Brazilian Archives of Biology and Technology
- Discipline: Biology
- Language: English
- Edited by: Paulo Vitor Farago

Publication details
- Former name: Arquivos de Biologia e Tecnologia
- History: 1946–present
- Publisher: Instituto de Tecnologia do Paraná (Brazil)
- Frequency: Continuous
- Open access: Yes
- License: CC BY-NC
- Impact factor: 1 (2022)

Standard abbreviations
- ISO 4: Braz. Arch. Biol. Technol.

Indexing
- CODEN: BABTFC
- ISSN: 1516-8913 (print) 1678-4324 (web)
- LCCN: 59028070
- OCLC no.: 60638347

Links
- Journal homepage; Online access; Online archive;

= Brazilian Archives of Biology and Technology =

The Brazilian Archives of Biology and Technology is a continuous peer-reviewed scientific journal covering all areas of fundamental and applied biology. It was established in 1946 as the Arquivos de Biologia e Tecnologia, publishing in Portuguese. It obtained its current name in 1998, when it switched to publication in English only.
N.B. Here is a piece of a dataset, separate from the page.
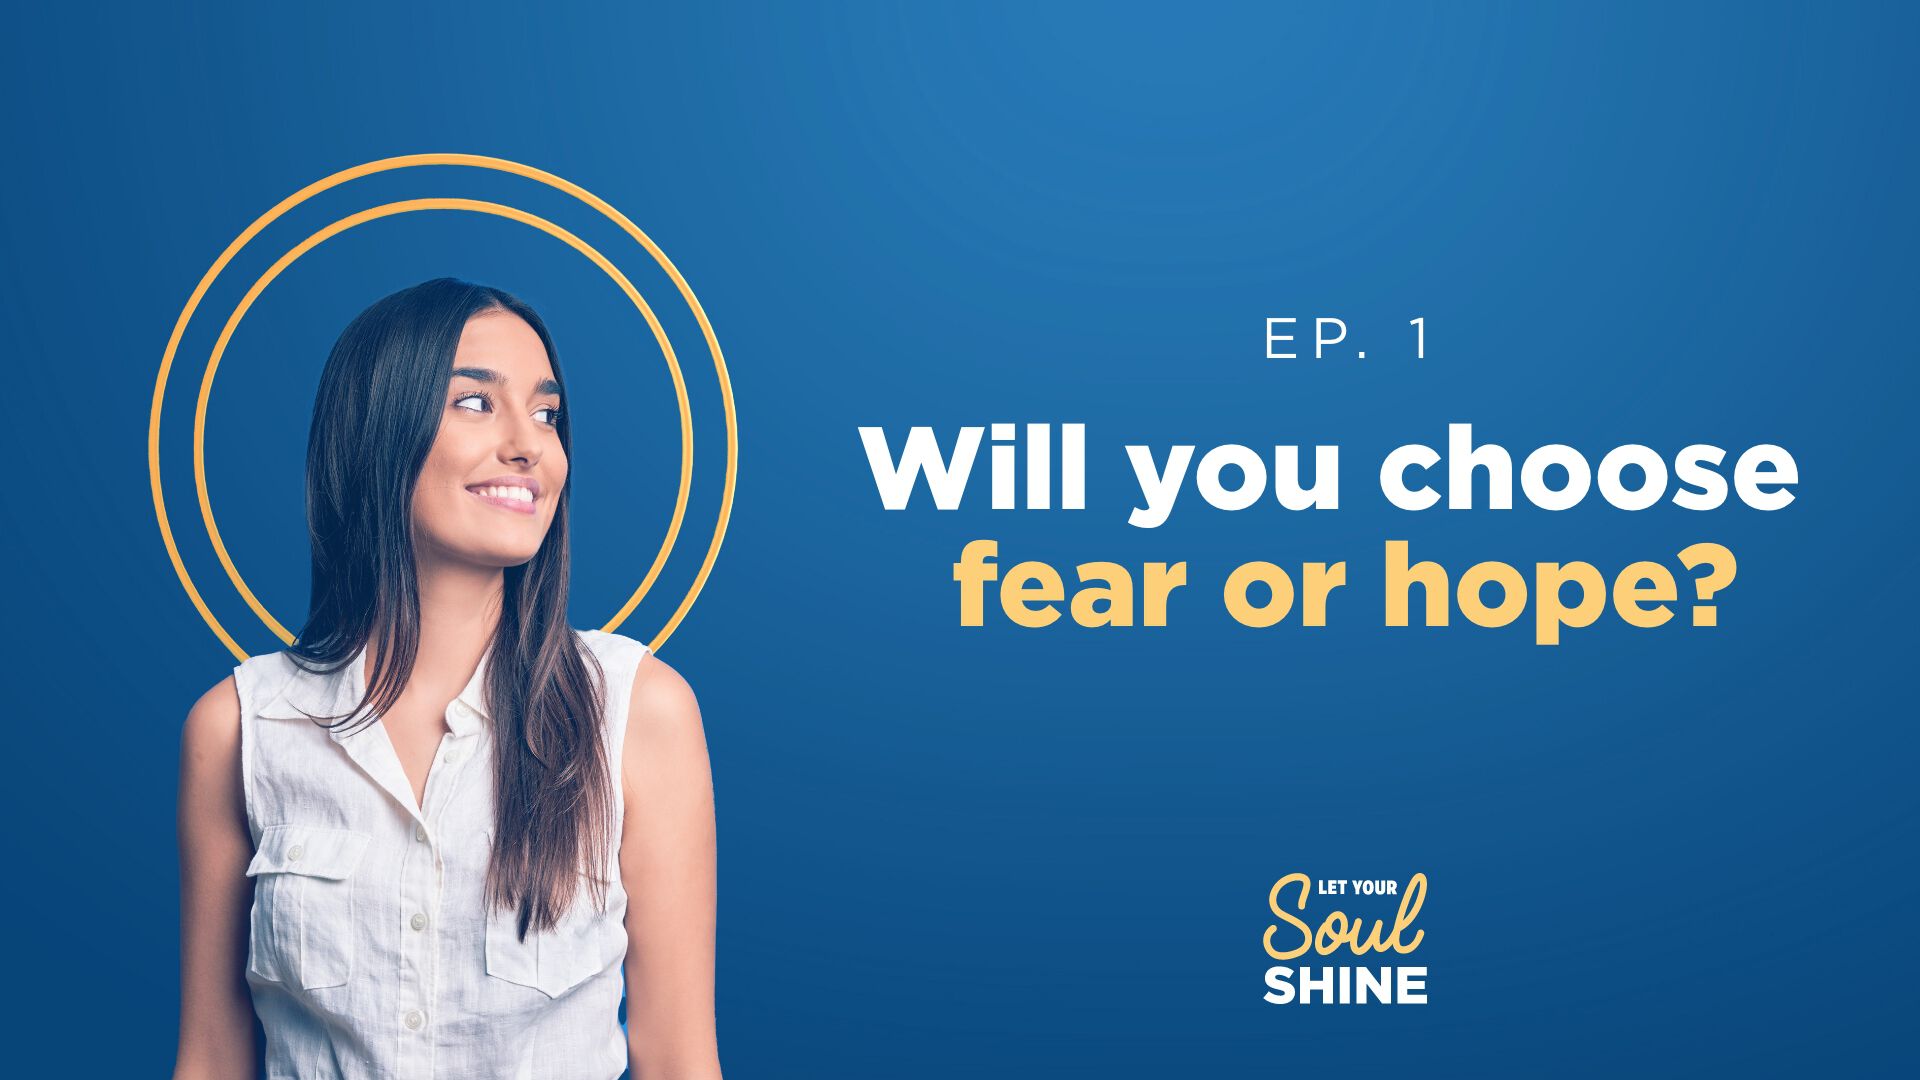 Will you choose fear or hope?

It is published on SciELO by the Technology Institute of Paraná.

== Abstracting and indexing ==
The journal is abstracted and indexed in:

- Biological Abstracts
- Chemical Abstracts Service
- Current Contents/Agriculture, Biology & Environmental Sciences
- LILACS
- Science Citation Index Expanded
- Scopus
- The Zoological Record

According to the Journal Citation Reports, the journal has a 2022 impact factor of 1.0.